By Odun Edward, Ilorin
20 September 2020   |   4:02 am
The Chief Medical Director (CMD), University of Ilorin Teaching Hospital (UITH), Professor Dasliva Yussuf, has canvassed private support for the nation’s health sector believed to have been battered by the COVID-19 pandemic.

The Chief Medical Director (CMD), University of Ilorin Teaching Hospital (UITH), Professor Dasliva Yussuf, has canvassed private support for the nation’s health sector believed to have been battered by the COVID-19 pandemic.

Yussuf, a professor of Behavioural Science, said the viral outbreak had since its emergence weakened global public economy, adding that only the private sector could assist in its prompt revival.

He made the remark yesterday, in Ilorin during the donations of 100 hospital bed sets, mattresses and medical accessories to the UITH by Sir Emeka Offor Foundation, in conjunction with Savannah Centre for Diplomacy and Democracy and Khadimiyya Foundation.

He promised judicious use of the items valued at several millions of naira, just as he disclosed that the hospital under his leadership would continue to serve as a model to others in the areas of teaching, learning and healing.

Speaking at the event, the leader of the team of donors, Mr. Chris Ezekiel, a retired Assistant Inspector General of Police, said the donations, in its second phase, would be extended to 20 other teaching hospitals across the nation.

Ezekiel described his boss, Offor, as a patriotic Nigerian, who at all times looked for opportunities to share his God’s given resources with the less privileged.

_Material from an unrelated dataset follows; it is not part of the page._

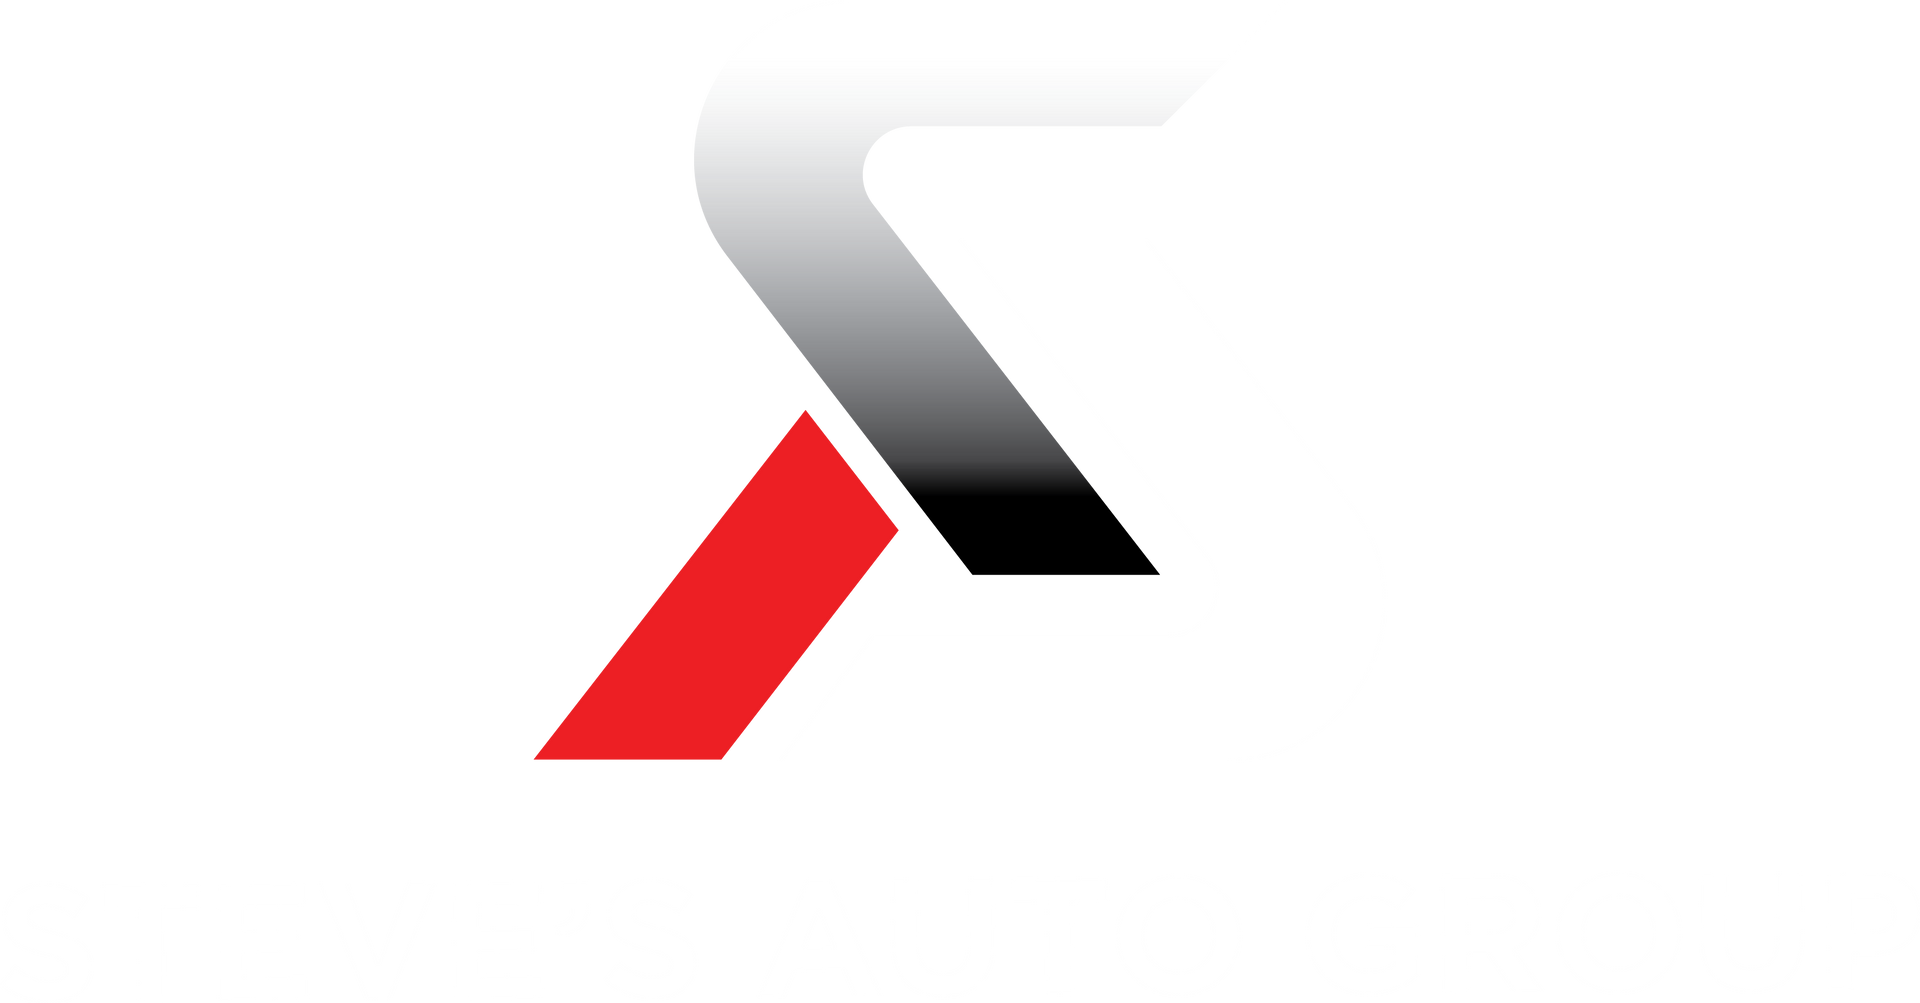 Steve's Auto Group

Describing a healthy nation as one poised for socio, political and economic developments, he said the foundations contracted the fabrication and assemblage of the wooden beds and mattresses to indigenous fabricators and designers to boost the nation’s Gross Domestic Products (GDP).

Ezekiel recounted the innumerable contributions of Emeka Offor Foundation to the eradication of wild poliomyelitis in the country, urging all stakeholders to sustain the gains to prevent a relapse of the deadly disease.